- DVD cover
- Directed by: Kishore Sarja
- Written by: M. S. Ramesh (dialogue)
- Screenplay by: Kishore Sarja
- Based on: Darling Darling (Malayalam) by Rajasenan
- Produced by: Rockline Venkatesh
- Starring: Shiva Rajkumar; Jaggesh; Poonam Singar;
- Cinematography: P. K. H. Das
- Edited by: Shyam
- Music by: S. A. Rajkumar
- Production company: Rockline Productions
- Release date: 7 December 2001;
- Country: India
- Language: Kannada

= Jodi (2001 film) =

Jodi is a 2001 Indian Kannada-language romantic comedy film directed by Kishore Sarja, starring Shiva Rajkumar, Jaggesh and Poonam Singar with Mukhyamantri Chandru, Doddanna and Sadhu Kokila portraying supporting roles. The film's soundtrack was composed by S. A. Rajkumar.

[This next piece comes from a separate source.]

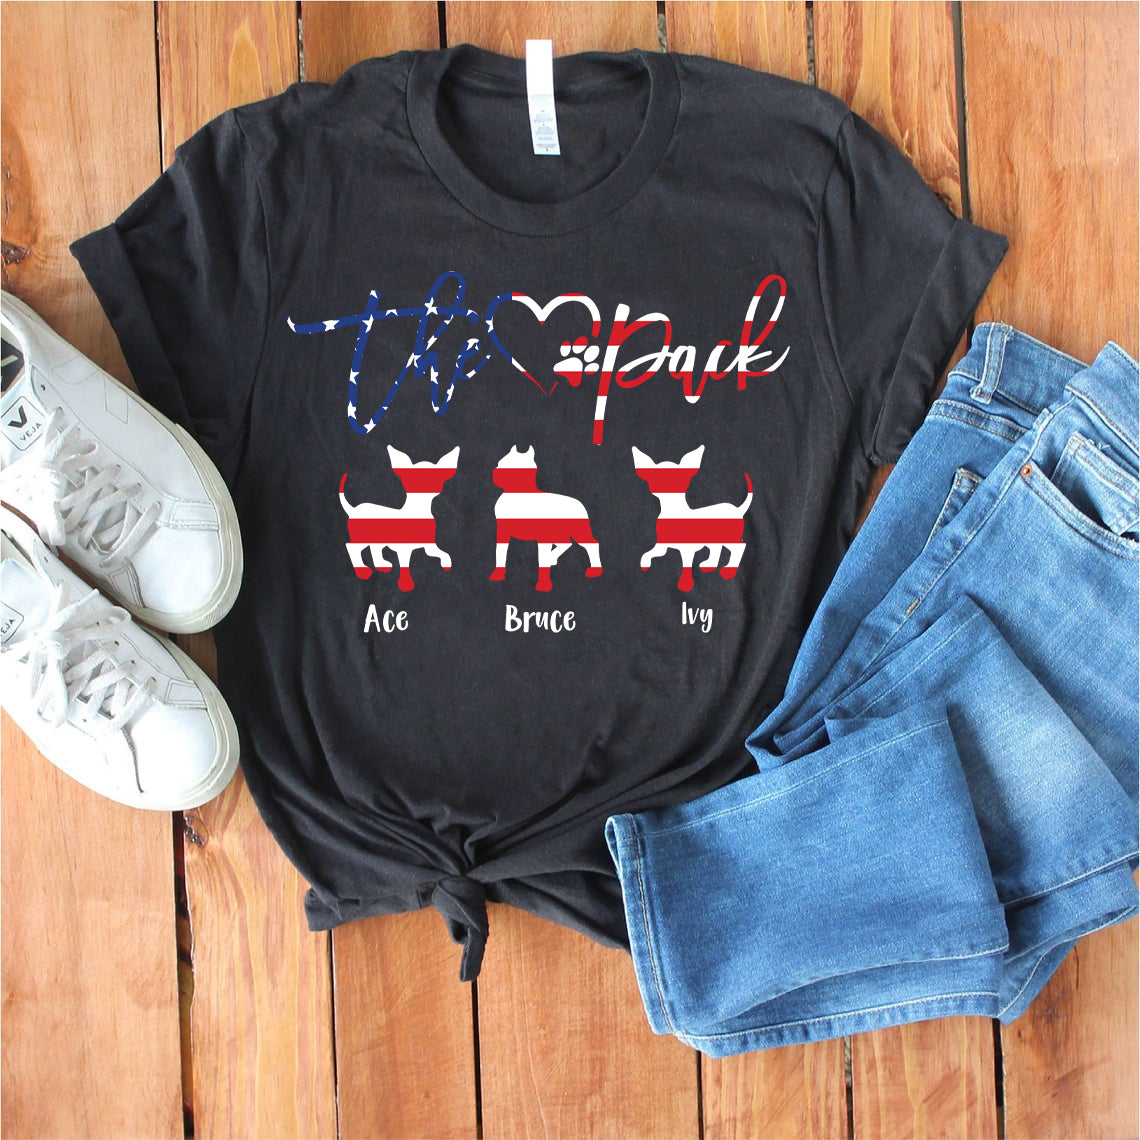 Personalized Dog Name Patriotic US Flag 4th Of July Tshirt
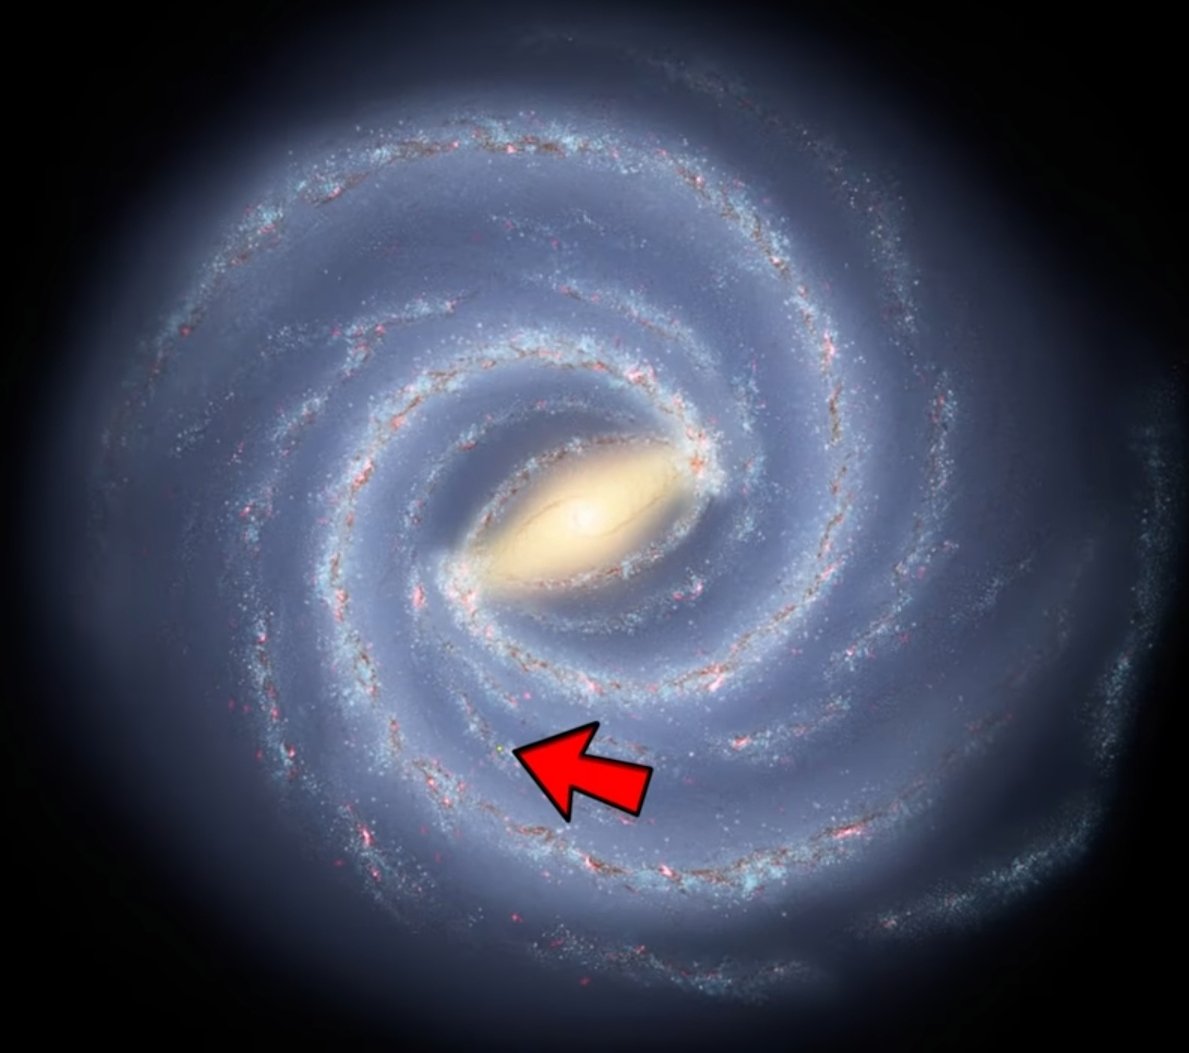 This is our entire Milky Way Galaxy and you can see where our planet is located. The tiny yellow dot is the furthest extent of human radio signals meaning that any possible Aliens living outside of that range are totally unaware that we even exist.

It was released on 7 December 2001. The film is a remake of the Malayalam film Darling Darling (2000) and was a box office failure.

==Production==
When Rockline Venkatesh decided to remake Malayalam film Darling Darling in Kannada, he originally chose Dinesh Babu to direct the film. Babu who initially agreed to direct later pulled out from the venture after he got an offer from Usha Kiran Movies. This led Venkatesh to file a complaint against Babu at Kannada Producers Association which initially banned him but was later revoked after Babu agreed to pay penalty. He was replaced by Kishore Sarja.

== Soundtrack ==
The film's soundtrack was composed by S. A. Rajkumar.

Track listing
| No. | Title | Lyrics | Singer(s) | Length |
|---|---|---|---|---|
| 1. | "O Preetiye" | K. Kalyan | K. S. Chithra, S. P. Balasubrahmanyam | 5:14 |
| 2. | "Minche Ninnava" | R. N. Jayagopal | Mano, Anuradha Sriram | 4:50 |
| 3. | "Darling" | R. N. Jayagopal | S. P. Balasubrahmanyam, Devan | 4:39 |
| 4. | "Gentleman" | R. N. Jayagopal | S. P. Balasubrahmanyam, Devan | 5:09 |
| 5. | "Neeligiriya Mele" | R. N. Jayagopal | Hemanth, Archana Udupa | 4:51 |
| 6. | "Suriya Nodayya" | R. N. Jayagopal | Anuradha Sriram, Suresh Peters | 4:53 |
| Total length: |  |  |  | 29:36 |

== Reception ==
A critic from Chitraloka.com described Jodi as an "amazing love triangle". Sify wrote "Director Kishore Sarja keeps us guessing till the end, as to who gets the girl! He can be applauded for crafting the film well [..] On the whole the film is an entertainer".